QI and Great British Bake Off host Sandi Toksvig has spoken out about misogyny and the sexual harassment of female comedians with Australia’s first female Prime Minister, Julia Gillard, in a brand new podcast series.
During her episode, Sandi opens up about the challenges she’s overcome in her career and private life – conquering the male-dominated comedy world to become the first female host of a major panel show and a self-appointed “national Trevor.”
The British comedian and DIVA favourite is the first guest on Gillard’s new podcast series, A Podcast Of One’s Own, which she hosts in her role as Chair of the Global Institute For Women’s Leadership at King’s College London.
Gillard became well-known internationally for her “Misogyny Speech” in 2012, when, as Australian Prime Minister, she famously called out the then Leader of the Opposition, Tony Abbott, on his sexist behaviour and comments towards her leadership.
Through the new podcast series, she wants to expose injustices women still face, and highlight what needs to be done to further gender equality and women’s representation in leadership roles.
In this first instalment, Gillard and Toksvig discuss a range of issues – from unequal treatment at school (Julia was made to study laundry, sewing and cooking) – to sexual harassment of women comedians and Sandi’s decision to come out in the mid-1990s; the first lesbian in the public eye to do so.
For Toksvig, a feminist for as long as she can remember, the fight against sexism began at a very young age:
“At school I led a strike when I was six because I thought the boys had been allowed out to play in the rain and the girls hadn’t”.
She also recalls how her the difference in her parents’ roles made an early impression on her:
“I remember watching my father going off to work and watching what my mother did, and thinking, ‘There she is in the house – that looks really rubbish; I don’t want to do what she’s doing.’”
On graduating from Cambridge University, where she performed in amateur dramatics alongside Stephen Fry, Hugh Laurie and Emma Thompson, she embarked on a career in children’s television before hitting the comedy scene in the 1980s.
There she was met with a world of deep-seated and routine sexism and misogyny:
“In the first major comedy club in London, there wasn’t even a toilet just a sink in the corner of the dressing room.

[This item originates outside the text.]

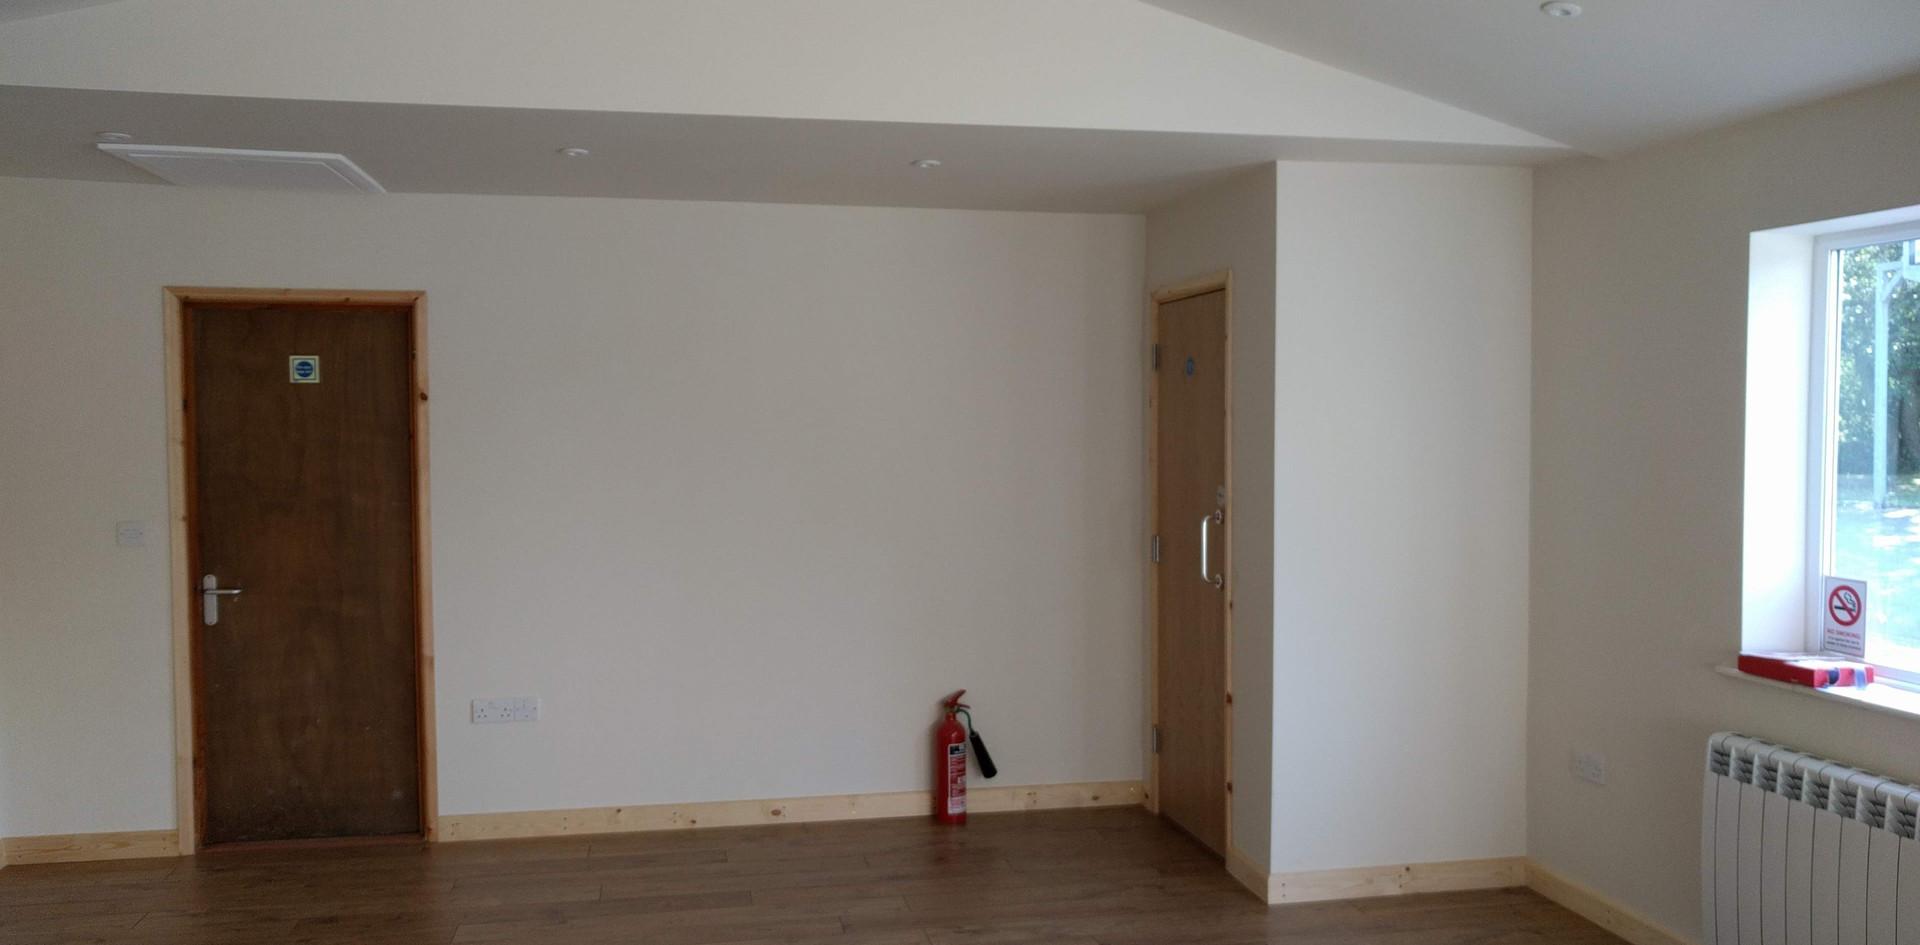 Smaller tidier cupboard

It had never occurred to them that a woman might turn up … I had to queue with the public.”
“I witnessed enough young women whose careers were either going to be promoted or not promoted because they would or would not put up with certain behaviours … we lost a lot of great early talent.”

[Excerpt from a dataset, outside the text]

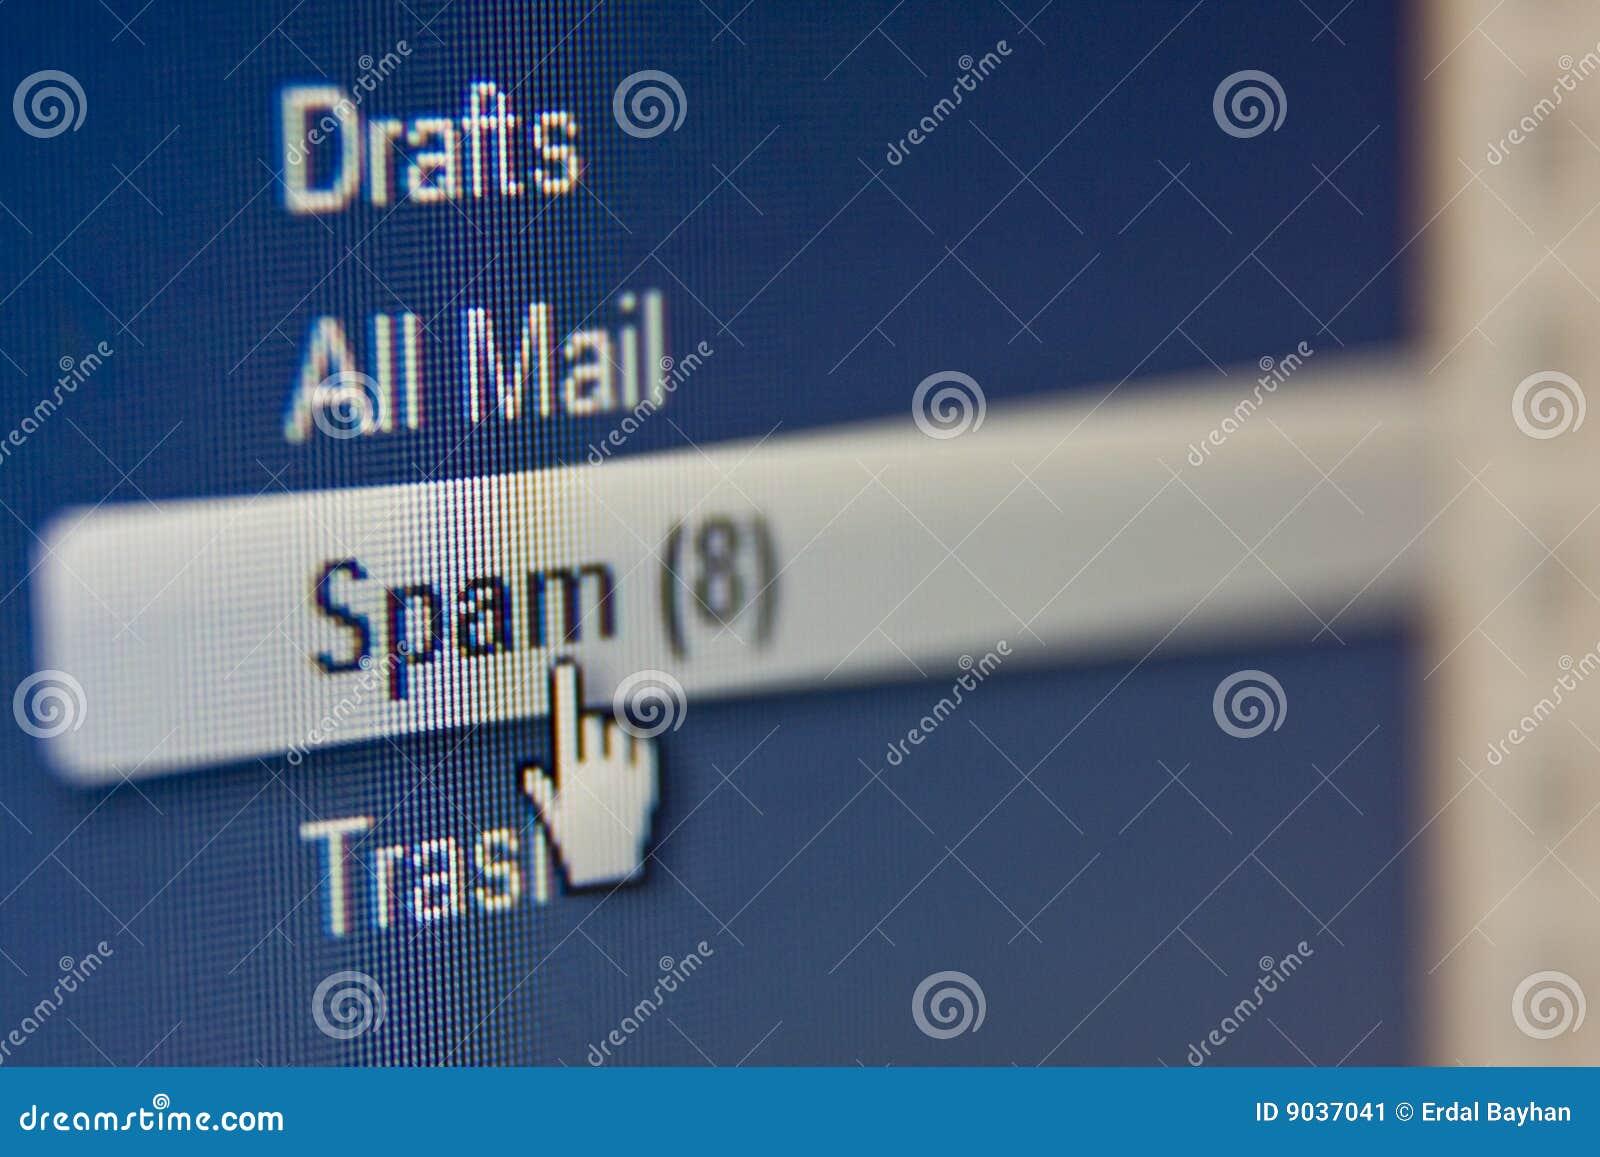 Warning! Spam

Toksvig acknowledges that progress has been made since then, but questions whether the #MeToo campaign has had enough impact in a world where consternation at sexual harassment is often met with, “Can’t you take a joke?”.

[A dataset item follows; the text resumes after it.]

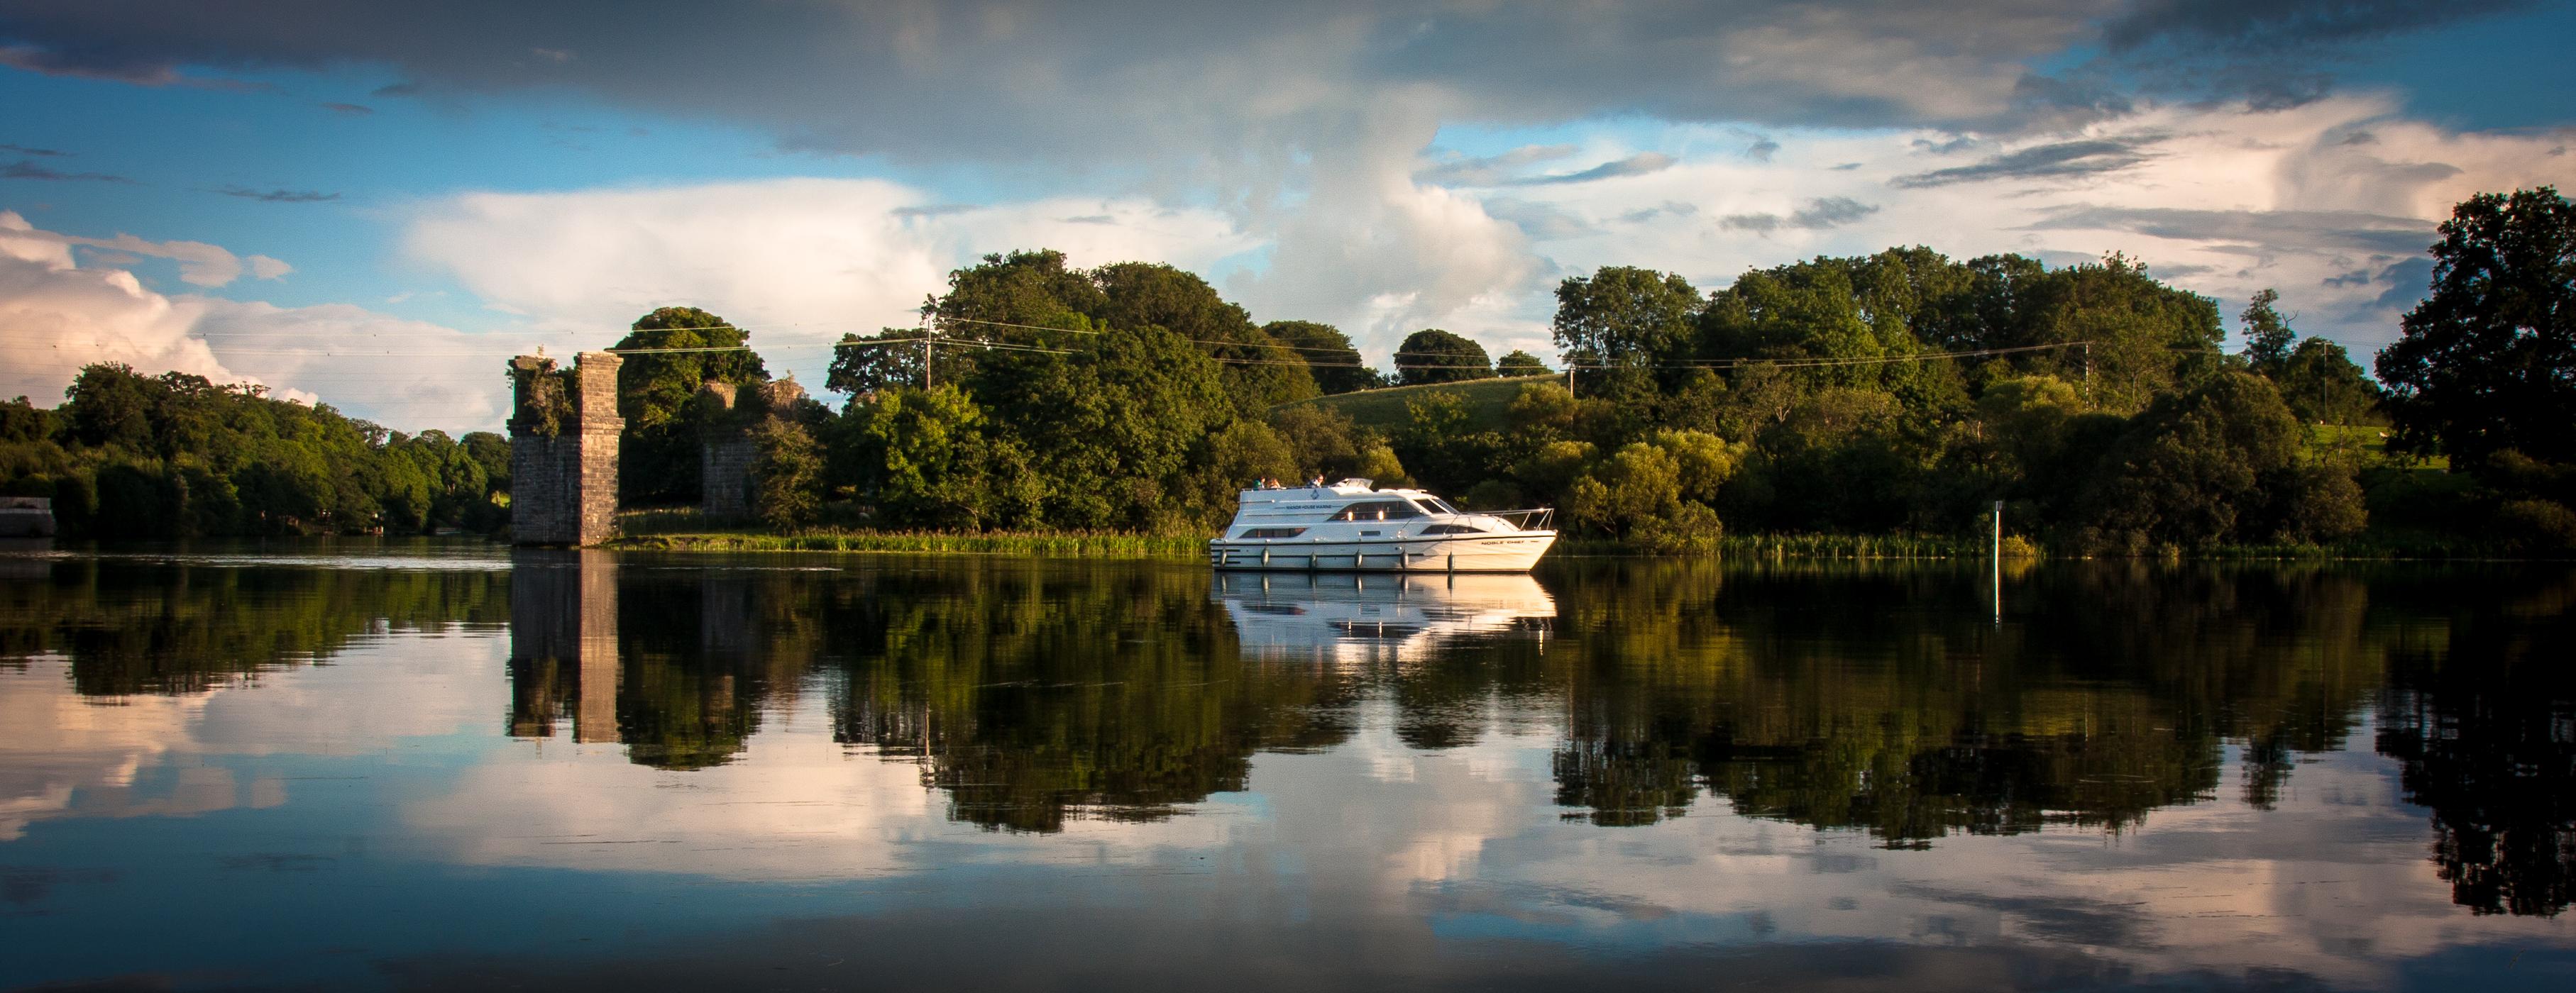 Cruising by Terry McCartney_Enniskillen.jpg

Toksvig goes on to discuss the slow progress of women’s representation on panel shows, where she feels decisions by those in power held women back from the spotlight:
“Nobody even tried to hide it, they just weren’t having it that a woman could do this kind of show.”
On the upside she comments on the warmth and support she’s received from audiences throughout her career, sometimes in contrast to the programme decision-makers, and is hopeful that the precedent she has set as host of QI is resulting in more balanced line-ups.
A lifelong campaigner for LGBTQI rights including gay marriage, Toksvig also talks to Julia about the challenges she faced as a result of her sexuality.
She was almost thrown out of her university college – “This year they’re giving me a fellowship to say sorry” and was dropped as a presenter. She talks about how scary it was when she first came out: “I was unaware of another lesbian in British public life… people wanted to kill me, I had to have police protection.”
Yet on LGBTQI rights she believes great progress has been made:
“It’s happened so dramatically and so thrillingly and that is why I continue to believe in great change.”